# Wahrscheinlichkeitsmodelle



## Wirtschaftsinformatiker (12. Dez 2022)

Um welche Wahrscheinlichkeitsmodelle ea geht und wie kann ich die Aufgaben lösen?


----------



## temi (12. Dez 2022)

Das klingt jetzt nicht nach Java, eher nach Mathematik.


----------



## LimDul (12. Dez 2022)

Ihr werdet doch vermutlich ein paar Wahrscheinlichkeitsmodelle gehabt haben. Ich bin da nicht so firm drin, aber wenn die die mal alle aufzählst und definierst, was die bedeuten, sollte die Aufgabe lösbar sein


----------



## M.L. (12. Dez 2022)

Wirtschaftsinformatiker hat gesagt.:


> Wahrscheinlichkeitsmodelle


Je nach vermitteltem Lehrstoff könnten versch. Modelle passen:
Bernoulli: es gibt eine Auskunft (oder eben nicht)
Binomial (dürfte am besten passen): https://de.wikipedia.org/wiki/Binomialverteilung
Poisson: eine Auskunft zu bekommen ist generell ein seltenes Ereignis

Geschätzte Zeit pro Anruf: 60 Minuten / 10 Anrufe = 6 Minuten


----------



## White_Fox (12. Dez 2022)

Hat er denn wenigstens schon die Aufgabe, die er bereits vor wenigen Tagen hier so lieb- und motivationslos reingerotzt hat, zufriedenstellend gelöst?

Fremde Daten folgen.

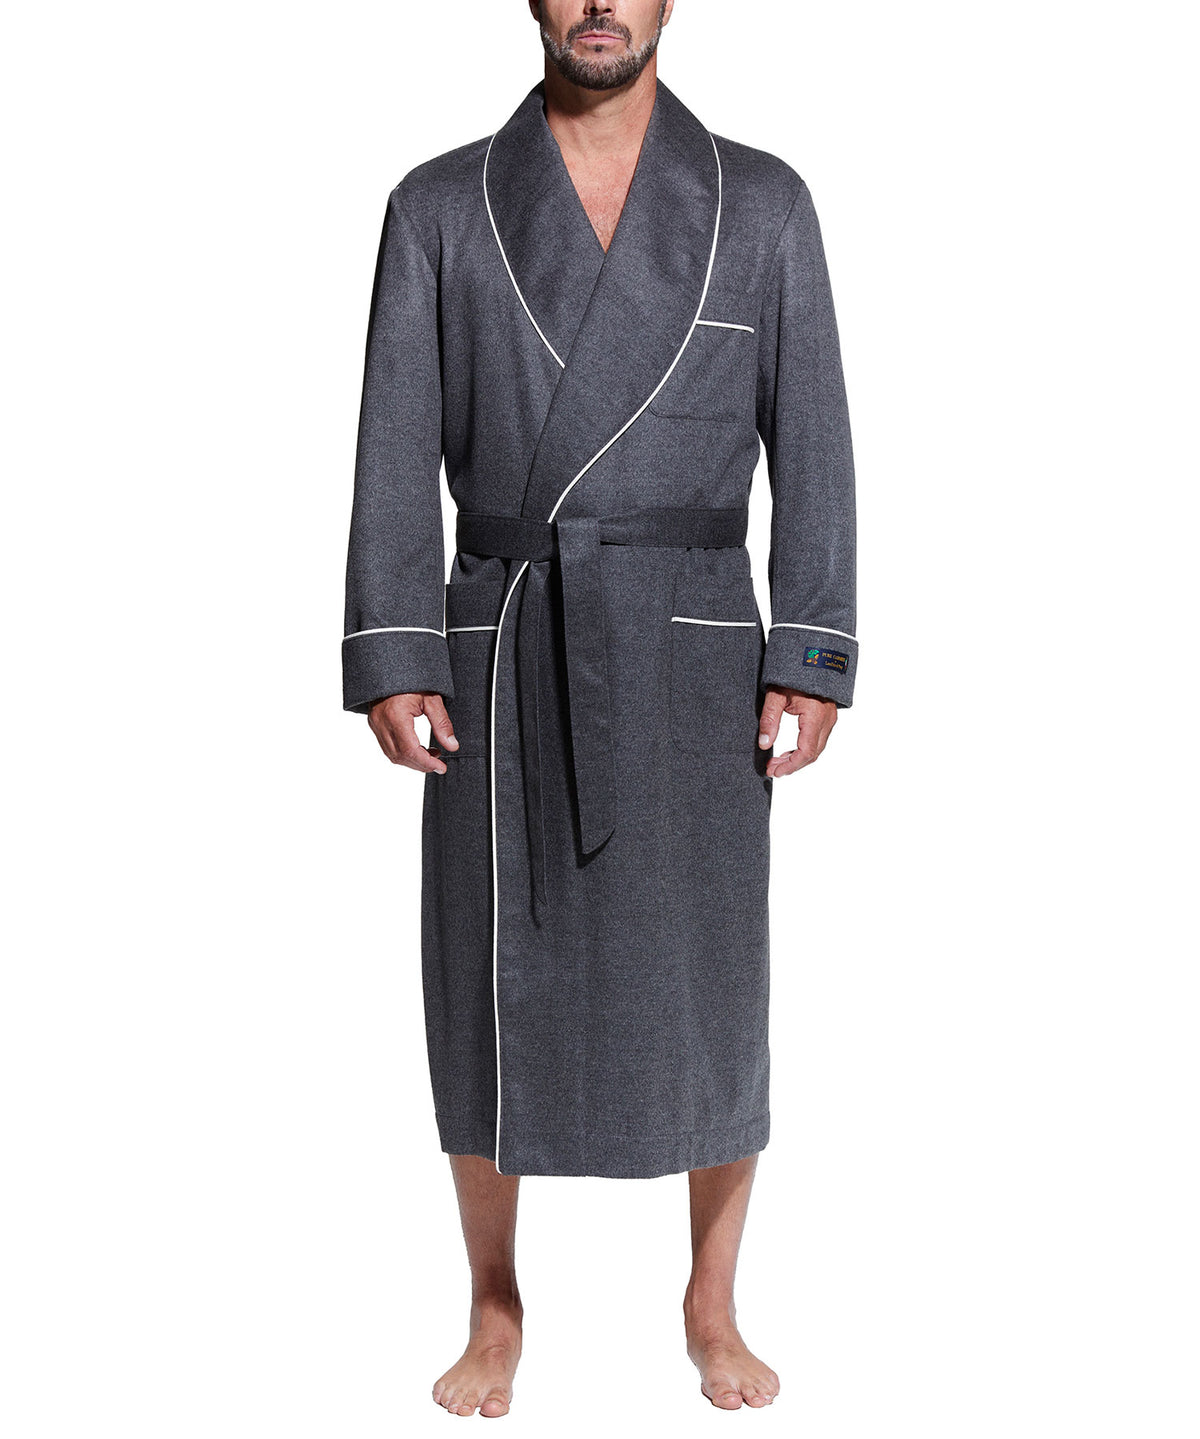 Robe châle en cachemire personnalisable noire Westport sur commande, Men's Big & Tall

Wann kapieren solche Menschen eigentlich, daß ein Studium vor vor allem heißt, selber etwas tun zu müssen? Vielleicht sollte er lieber ein Laberfach "studieren" und danach in die Politik gehen.


----------



## yfons123 (12. Dez 2022)

White_Fox hat gesagt.:


> Wann kapieren solche Menschen eigentlich, daß ein Studium vor vor allem heißt, selber etwas tun zu müssen?


das studium beschleunigt halt nur das was man selber dann lernt 

wenn man aber selber nichts lernt dann kann man nichts beschleunigen
in meinem studium haben wir die ersten 2 semester immer zusammen gelernt und gerätselt, bis halt corona gekommen ist


----------